Drug Trafficking and the Crisis in Mali

/51838-drug-trafficking-and-the-crisis-i

  • Drug Trafficking and the Crisis in Mali

    http://www.globalpolicy.org/component/content/article/190-issues/51838-drug-trafficking-and-the-crisis-in-mali.html

    By Abdelkader Abderrahmane
    Institute for Security Studies
    August 6, 2012

    Since the coup on 22 March, the situation in Mali has drastically deteriorated, in particular in the north of the country where numerous opposition forces have strengthened their positions. Moreover, the growing presence of drug traffickers who are taking advantage of the power vacuum in Mali have increasingly complicated the situation in the north. The country is becoming a transit center for the international trafficking of narcotics originating from Latin American drug cartels seeking to export their ‘goods’ to Europe. Moreover, opposition groups such as AQMI, Ansar Dine, MUJAO and Boko Haram are financing their weapon acquisition through the trafficking of drugs, which puts the country at an even greater risk.

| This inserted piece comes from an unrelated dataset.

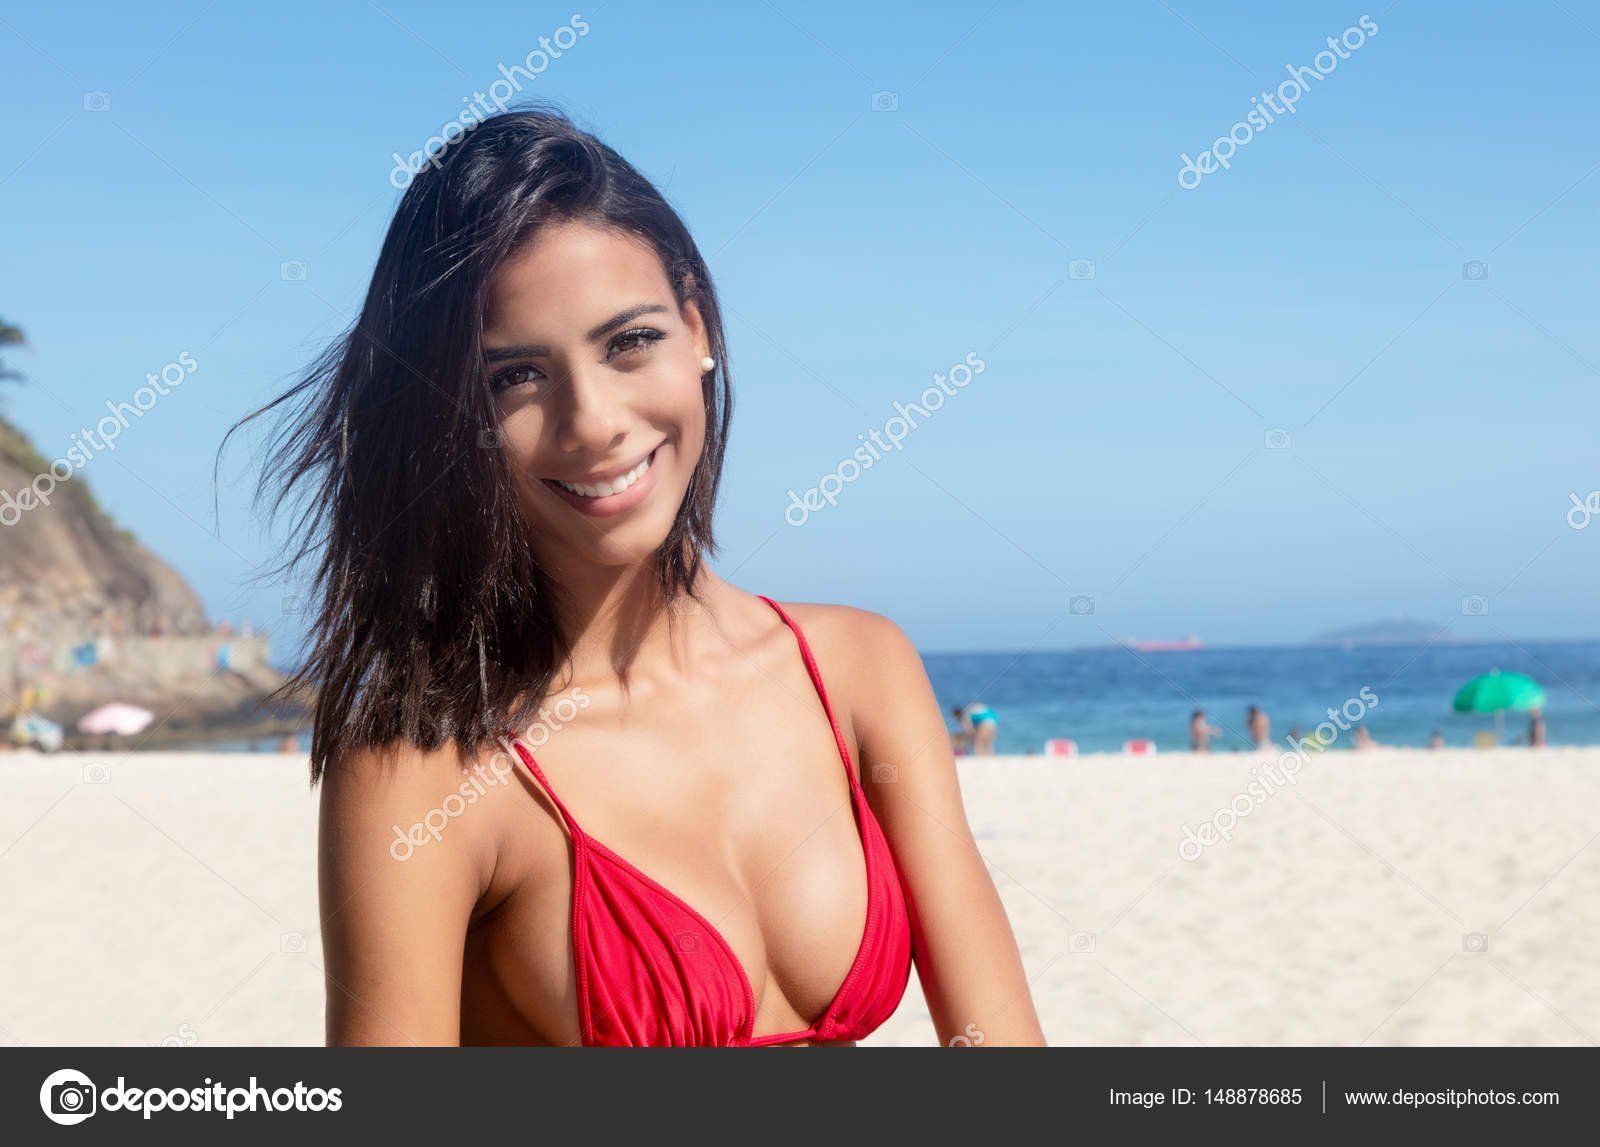 Bikini mexican photo woman

    Mali has until recently been regarded as one of the most politically stable countries in West Africa. However, since the fall of the former Libyan leader Muammar Gaddafi last year and the coup d’état on 22 March against former Malian President Amadou Toumani Touré, the situation in Mali, and especially in the north, has dramatically deteriorated. Al-Qaeda in the Islamic Maghreb (AQIM), Ansar Dine (Defenders of the Faith) and the Unity Movement for Jihad in West Africa (MUJAO) forces have strengthened their presence in the north and some intelligence reports even indicate a growing link between AQIM and the Nigerian terrorist group Boko Haram.